Minority-Serving Institutions Cyberinfrastructure Outreach Projects 

This initiative will help ensure that a diverse group of scientists, engineers, and educators from historically underrepresented minority institutions are actively engaged in the development of new Cyberinfrastructure (CI) tools, strategies, and processes.  Our key strategy was not to identify particular universities to work with but rather interact with the Alliance for Equity in Higher Education. This consortium is formed by AIHEC (American Indian Higher Education Consortium), HACU (Hispanic Association of Colleges and Universities) and NAFEO (National Association for Equal Opportunity in Higher Education) and ensures our efforts will have systemic impact on at least 335 Minority Serving Institutions. Our current flagship activity is MSI-CIEC Minority-Serving Institution Cyberinfrastructure (CI) Empowerment Coalition, which builds on success of our initial MSI CI2 (Minority-Serving Institutions Cyberinfrastructure Institute) project. Activities include workshops, campus visits and pro-active linkage of MSI faculty with Cyberinfrastructure researchers. As part of this project, we host the MSI-CIEC project wiki (http://www.msi-ciec.us) and have developed the MSI-CIEC Portal. This portal is designed to combine the Web 2.0 concepts of social networks and online bookmarking and tagging.  By using the portal and services, researchers can bookmark URLs (such as journal articles) and describe them with simple keyword tags.  Tagging in turn builds up tag clouds and helps users identify others with similar interests.  User profiles provide contact information, areas of research interest, tag cloud profiles, and RSS feeds of the user’s publications.  The value of social networking sites depends directly on the amount of data and users, so to populate the portal’s database, we imported NSF database information on previously awarded projects (available from http://www.nsf.gov/awardsearch/) and from the TeraGrid allocations database.  This information was converted into tags and user profiles, allowing users to use tags to search through awards by NSF directorate, find the top researchers in various fields, and find networks of collaborators.

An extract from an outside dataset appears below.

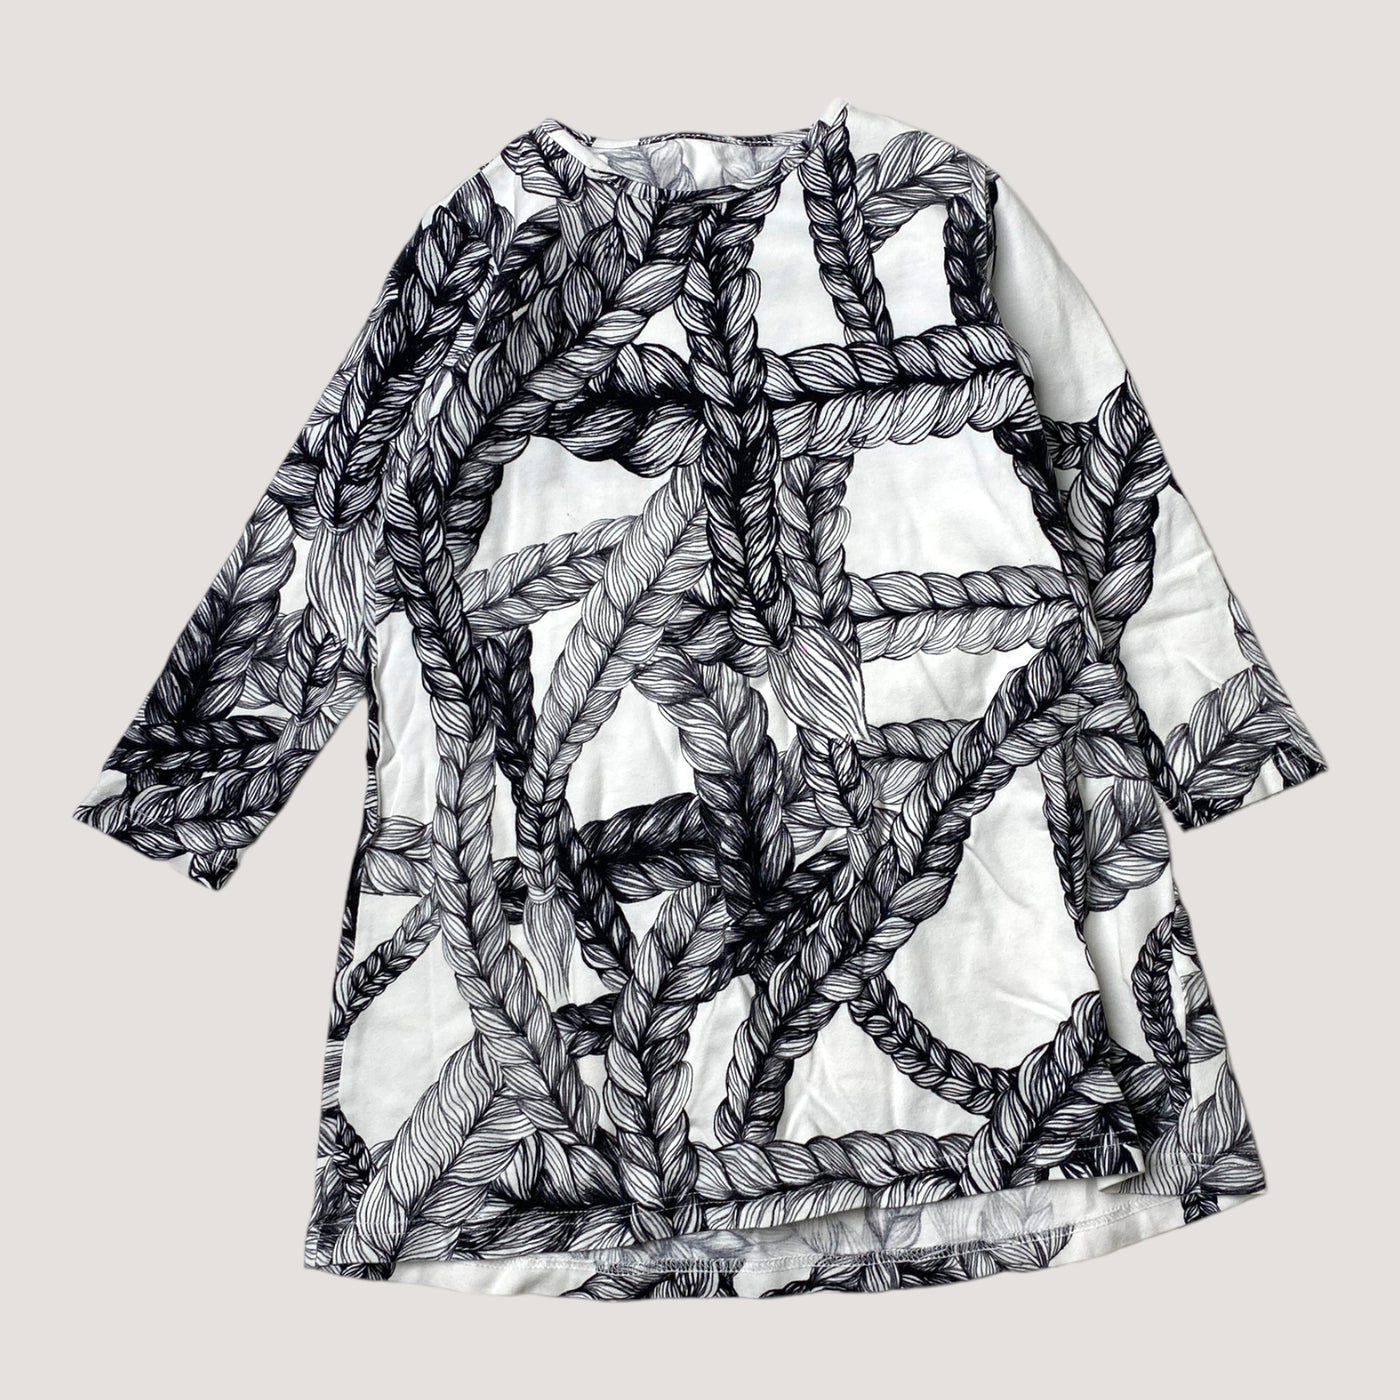 Vimma letti dress, black/white | 110cm

Earthquake Crisis Management in a Grid of Grids Architecture

This DoD phase II SBIR is led by Anabas with CGL and Ball Aerospace as subcontractors and is creating an environment to build and manage Net-Centric Sensor Grids from services and component Grids. CGL technologies including our GIS and NaradaBrokering systems are used, and CGL will also supply non-military applications including earthquake crisis management. The project currently focuses on integrating wireless sensors (RFID, GPS, Lego Robot and video sensors) that are integrated and managed using lightweight Linux computers (Nokia N800 tablets and Gumstix miniature computers) will be supported in initial system that will allow initial deployment and dynamic real-time management of Collaborative sensor Grids.

Particle Physics Analysis Grid

This DoE phase II STTR aims at an interactive Grid using streaming data optimized for the physics analysis stage of LHC data grids. This differs from the mainstream work of the Open Science Grid and EGEE which concentrates on the initial batch processing of the raw data. We have come up with a novel concept (“Rootlets”) that provides a distributed collaborative implementation of the important CERN Root analysis package. We have built a prototype based on CGL’s NaradaBrokering and the Clarens software from our collaborators at Caltech. It allows collaborative data analysis from multiple distributed repositories and can be applied to any of a class we call composable of data analysis approaches. Interesting this includes information retrieval applications, and in future we will support Google MapReduce and the statistics package R.

Polar Grid

This is a new activity stemming from our collaboration with Elizabeth City State (ECSU an HBCU) in North Carolina. We are working with the CReSIS NSF Science and Technology center led by Kansas University to define and implement Cyberinfrastructure to support modeling and remote sensing of ice-sheets. The recent dramatic evidence of the impact of Climate Change on the Polar Regions makes this an urgent project of great societal importance. CGL Assistant Director Marlon Pierce spent a week in July at ECSU instructing students and research staff on Grid computing, deploying a Condor high throughput computing testbed, and establishing requirements for their science gateway to Polar Grid. We were awarded an NSF Major Research Instrumentation (MRI) grant for this work, which will deploy field and base Sensor Grids linked to dedicated analysis systems (Linux clusters) at Indiana University and ECSU. The first stage of this work focuses on data analysis with parallel SAR (Synthetic Aperture Radar) algorithms and the second stage on a new generation of simulation models for glaciers and their melting. These will exploit data gathered by CReSIS and analyzed on Polar Grid.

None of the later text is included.